Razzmatazz by Christopher Moore
A bizarre, hilarious, incredibly inventive fantasy from the master of the absurd. Probably not for nonfiction readers, but for those who love the wild humor of Moore, it’s just the ticket.
If you like the products of Damon Runyon, Dashiell Hammett, Raymond Chandler, Mickey Spillane or Groucho Marx, you’ll like this one. True to form, Moore has produced another exquisitely absurd masterpiece that is guaranteed to elicit belly laughs and a few shocked
moments, just what his fans need, want and expect. As usual, the outlandish is everyday fodder for his vivid characters who are strangely accessible, almost as though they were real people, but not.

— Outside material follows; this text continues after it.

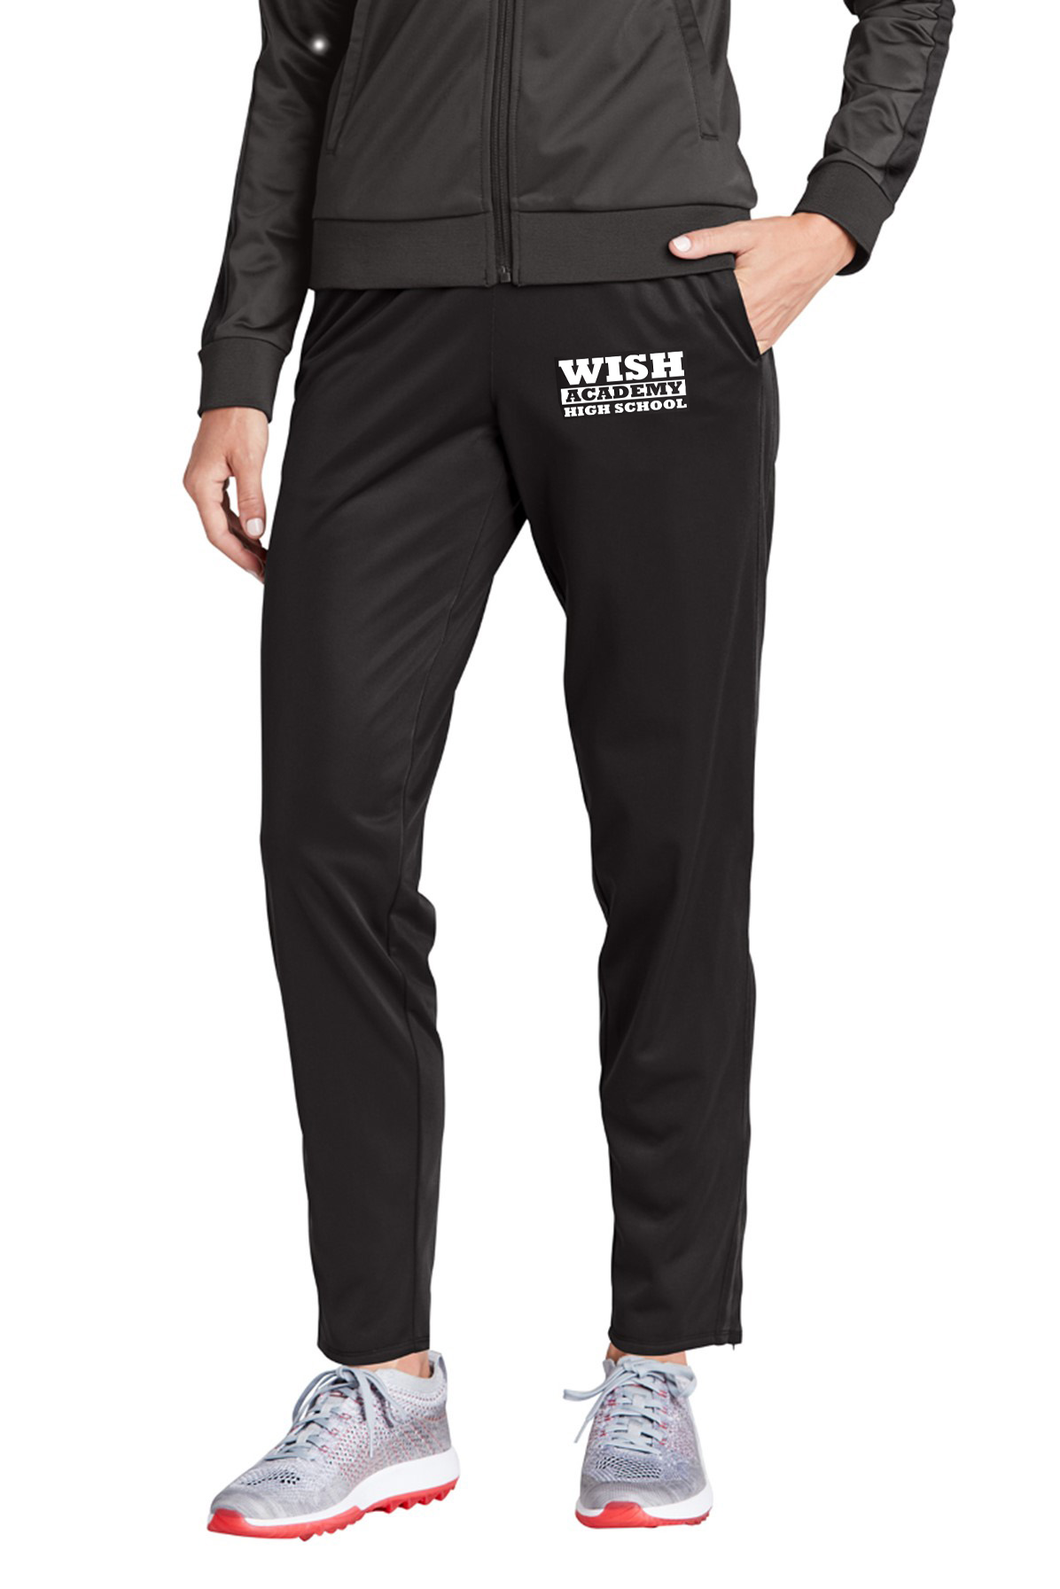 WISH Academy Women's Tapered Leg Athletic Active Pants

Explanation of one of Moore’s books is impossible, but reactions are relatable.
Here we have Sammy “Two Toes” Tiffin, his main squeeze Tilly Stilton (known as “the Cheese”, but not to her face), Eddie “Moo Shoes” Shu, Squid Kid Fang, and an accompanying cast of equally bizarrely named characters who all live on the fringes of late 40s San Francisco society. A parade of gay clubs, dyke joints, whorehouses, dive bars and Chinatown provide the backdrop for the action, which is quite unbelievable but joyously entertaining. You get the idea, right?

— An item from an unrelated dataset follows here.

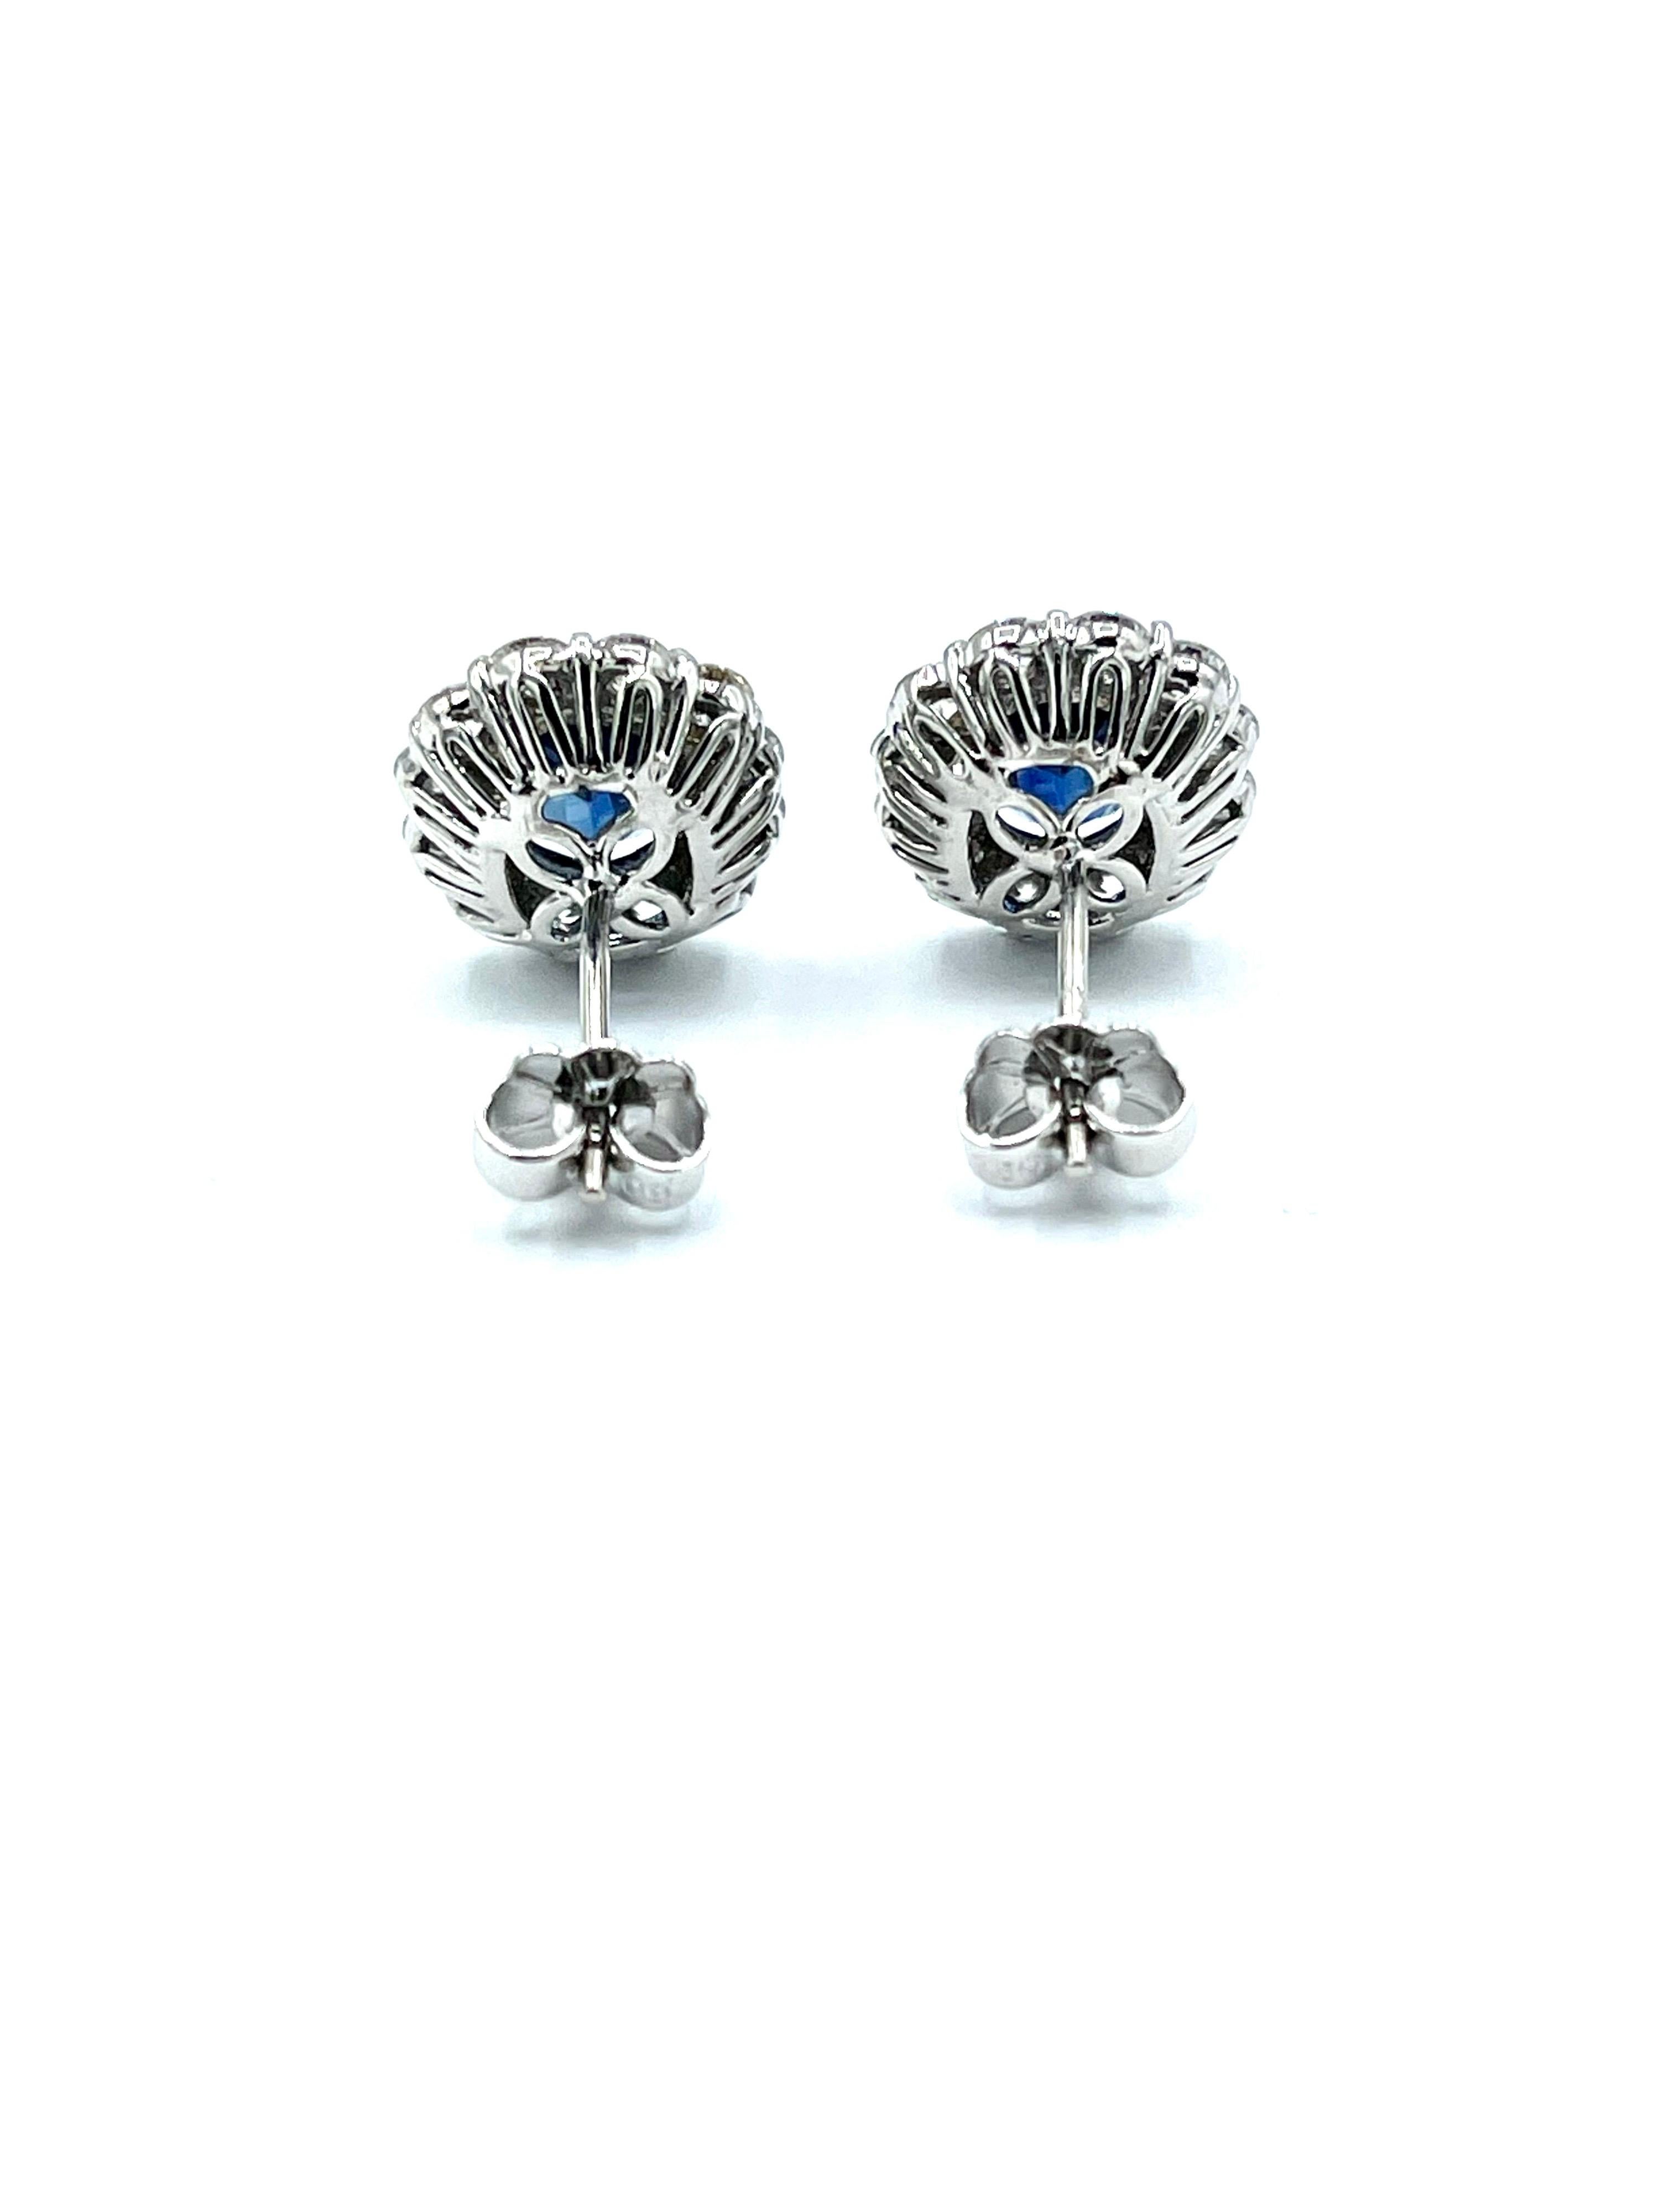 3.16 Carat Oval Sapphires and Round Brilliant Diamond White Gold Stud Earrings In New Condition For Sale In Chevy Chase, MD

Someone is killing off the lesbian patrons and employees of the much-persecuted lady clubs and Sammy is called upon to excuse himself from his bartending gig to catch the killer, help a friend who is both lovelorn and career-stumped, find a mythical Chinese idol to prevent a murder and provide logistics for Christmas party at a home for the feeble-minded which will be carried off by prostitutes (they prefer to be called “courtesans”) in elf attire whose madam will play the part of Mrs. Santa Claus. Heard enough? Not hardly. In the meantime, Cheese is involved in some kind of clandestine industrial construction project with truly weird side effects for the female workers, who are former welders and machinists, now cast aside since the war has ended. Cops, the Feds, gangsters, hookers, Chinese opium-den operators, bouncers, waitresses, a cabbie with a phobia about driving and some others difficult to categorize properly all have their parts in this circus of off-kilter adventure. All of this is backstopped by the story of Moo Shoes’ uncle Ho who was among the Chinese who immigrated to this country before the earthquake of 1906 and who was the original thief of the dragon statue that figures seminally in this tale. Enough to get you interested? It should be.